Stiff necks, shoulders, and backaches all can be attributed to not just stress but also lack of knowledge about what good posture really is. The book on the head from your parents or Grandparent is a great indicator to throw your shoulder back and level out your chin. Einstein is esteemed as one of the world's most intelligent men. Yet in his age, he was showing signs of poor posture from all that reading. This visual of an elderly man hunched over is what we must safeguard against.
What is Posture?
Posture is the alignment that you create with your body against gravity while standing, sitting, driving or lying down.
What is Proper Posture?
Good posture is kind to your spinal discs and cervical discs. Good posture makes the best use of your muscles to help protect your body whether you are reading, walking, exercising or sleeping. We need good posture at all times.
Benefits of Proper Posture
- Proper posture like diet management is a constant discipline. Like nutrition and weight management, knowledge of the benefits is the foundation to our discipline and follow-through.
- Proper posture ensures efficient use of muscles and energy.
- Proper posture helps prevent arthritis by protecting the joints which arthritis first attacks.
- Proper posture reduces stress and strain on ligaments that bind our joints to our knees and our spine and our neck.
- Proper posture prevent fatigue, increases endurance.
- Proper posture prevents backache and other muscular pain.
- Proper posture is good looking and attractive!
- Good posture adds to your height, adds to your overall appearance not to mention your self-confidence.
Proper Posture Sitting Standing
Learning about proper posture is complicated - it is a combination of education, visual and feel. As a visual person - that is my main mode of learning, the photos make it click. However, it many cases, and this is a big complaint from my clients too - it feels unnatural - only at first.

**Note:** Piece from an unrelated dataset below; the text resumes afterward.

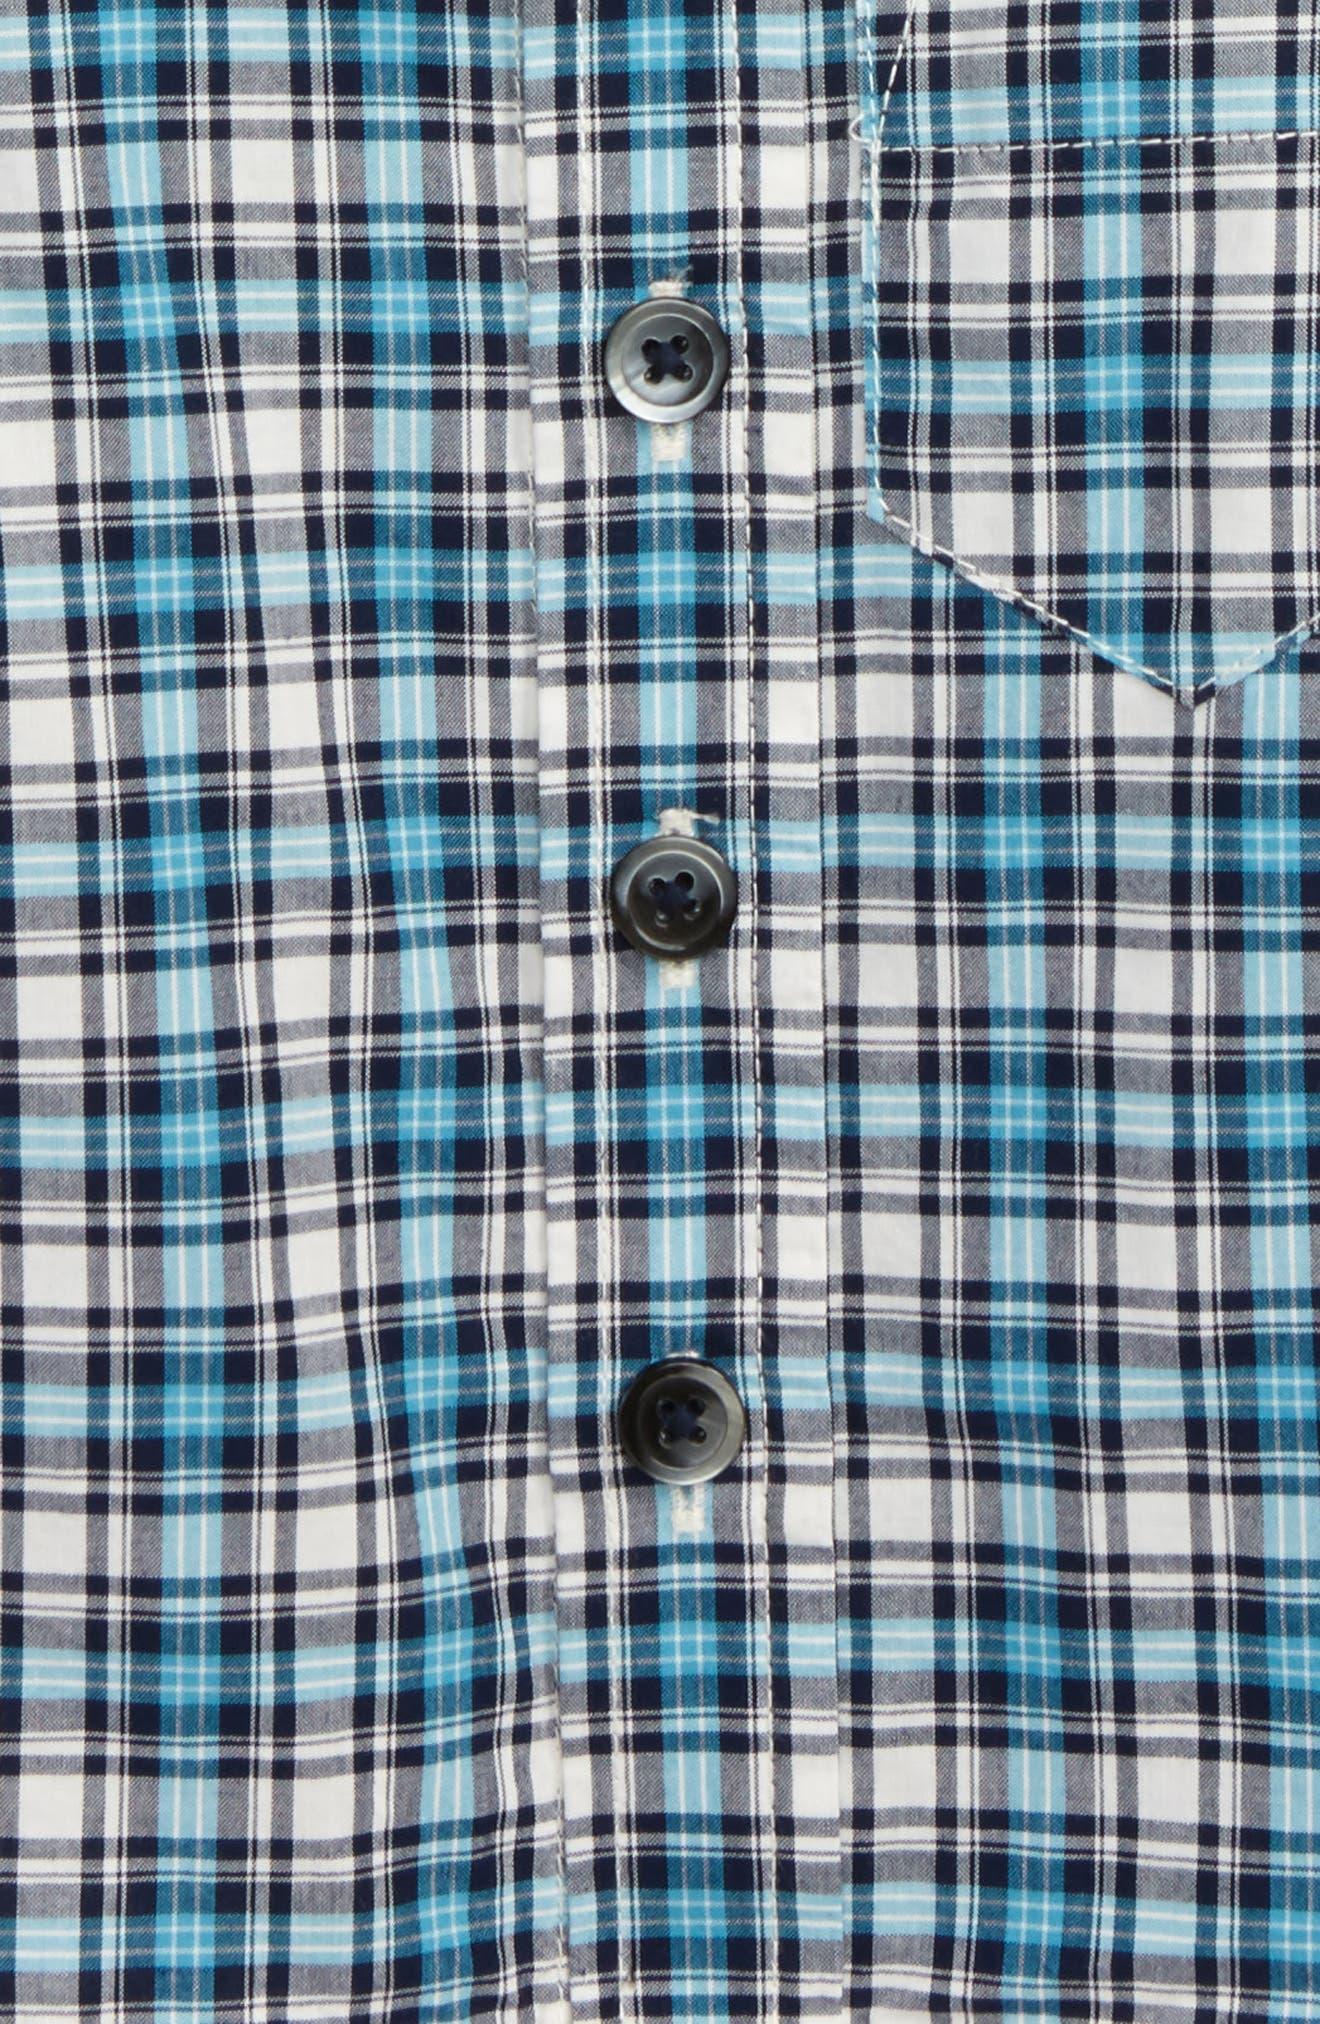 Heath Plaid Woven Shirt,                             Alternate thumbnail 2, color,                             400

Envisioning a golden arrow is helpful to me along with the several photos - take a moment and study them - analyze the nuances in each photo. I myself still need constant reminders - especially for driving and intense computer work.

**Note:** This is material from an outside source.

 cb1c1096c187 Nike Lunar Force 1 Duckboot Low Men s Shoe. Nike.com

What is it about engaging the brain that makes my shoulders want to hunch? I know better yet time and time again I catch myself!
Here are three simple remembers that I use to help me achieve proper posture while sitting, standing, or driving:
- Shoulders back.
- Chin level.
- Hips neutral.
Proper Posture Sleeping
- Lying down and sleeping where we spend allot of our daily lives needs good posture too! Our photos showcase how we should stand and sit but sleeping is important too for good posture.

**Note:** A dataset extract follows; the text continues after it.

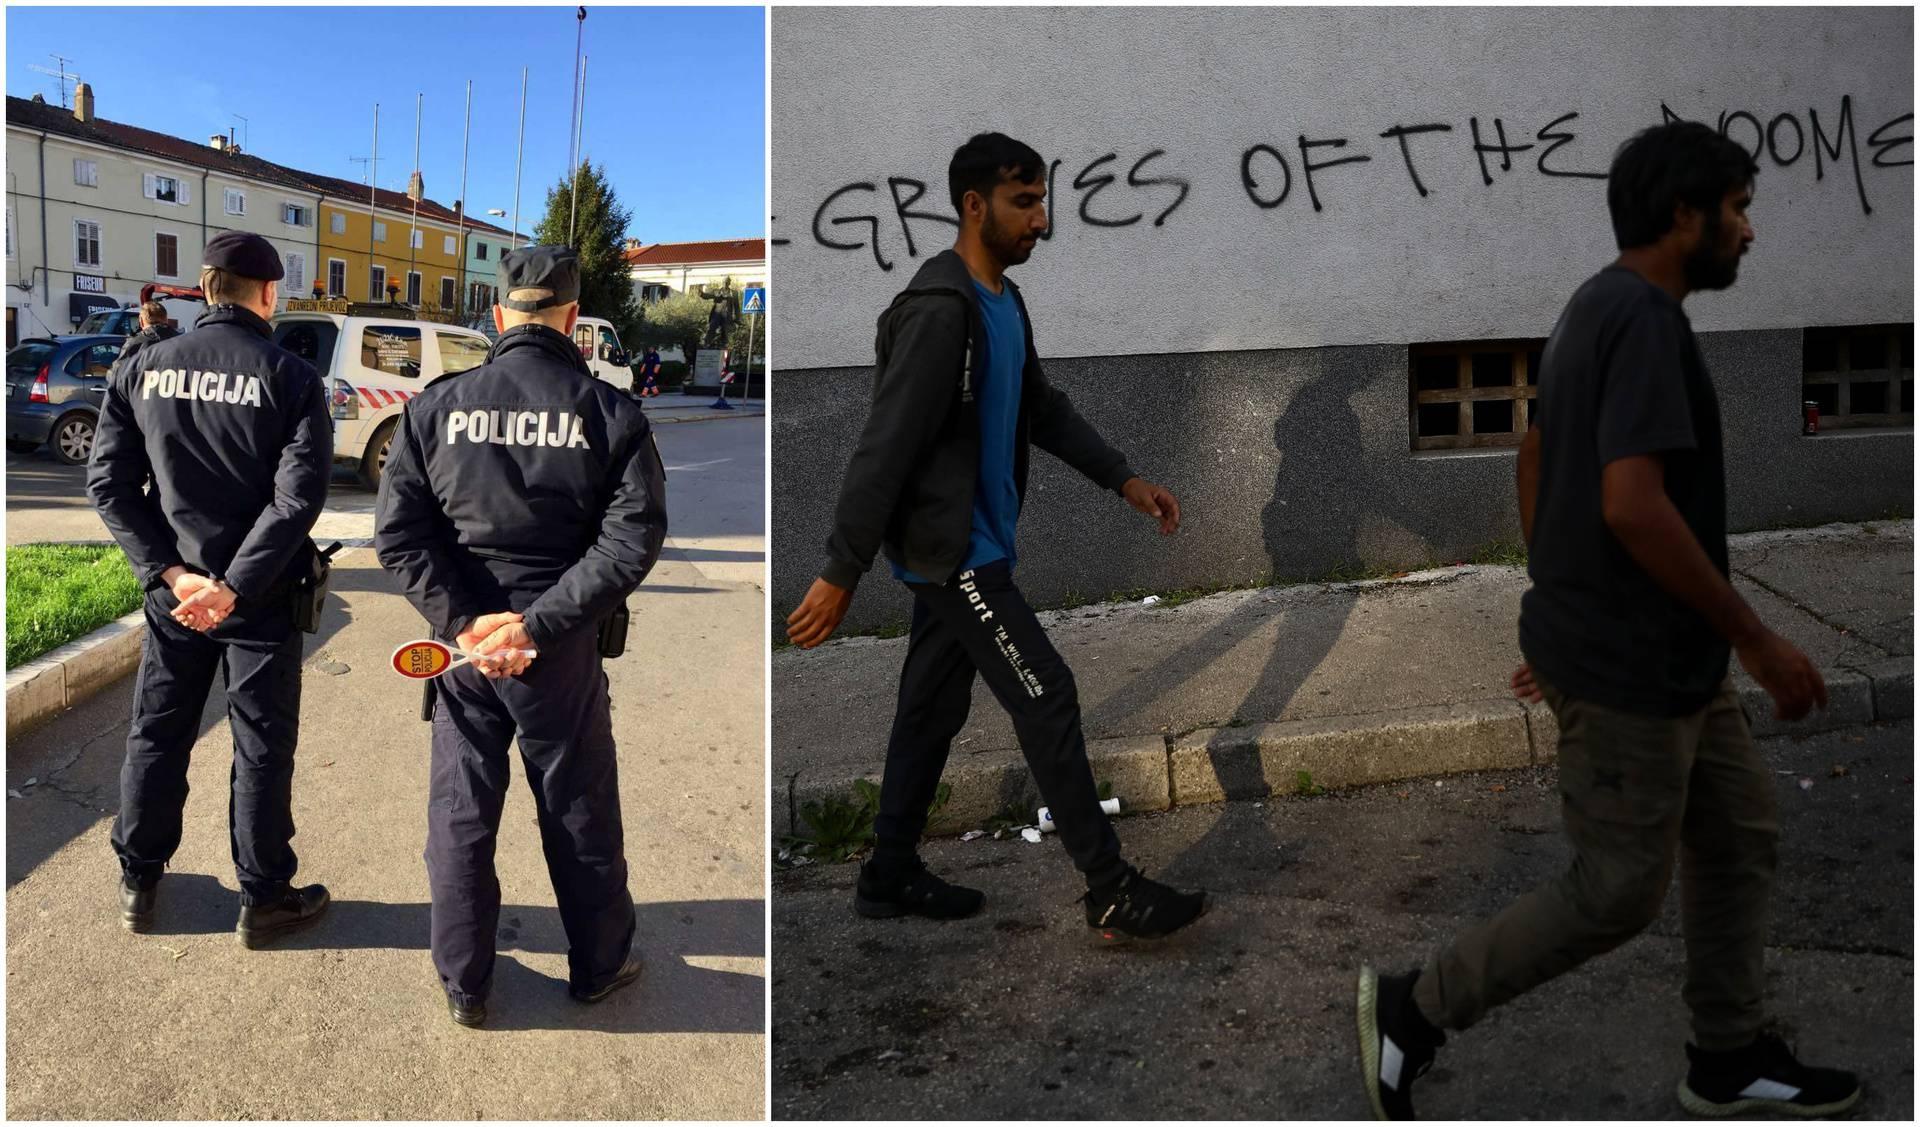 'Poslić' od 5000 eura: Busom vozio 90 migranata u Sloveniju, neke smjestio u prtljažnik

- Goals of good posture while sleeping/lying down:
- Maintain the curve in your back - use a pillow under your lower back or under your knees.
- Keep your knees slight bend.
- Avoid sleeping on your stomach as this positions strains your cervical discs.
- Be sure to keep and maintain a firm surface (place a board under a saggy bed for example or place the saggy mattress directly on the floor).
- Some neck patients such as myself find the orthopedic neck pillow helpful. You must be the judge. If an orthopedic pillow is under consideration, first try rolling a towel and placing under your neck at night.
- When leaving the lying position, avoid bending forward at the waist - placing undue strain on your back.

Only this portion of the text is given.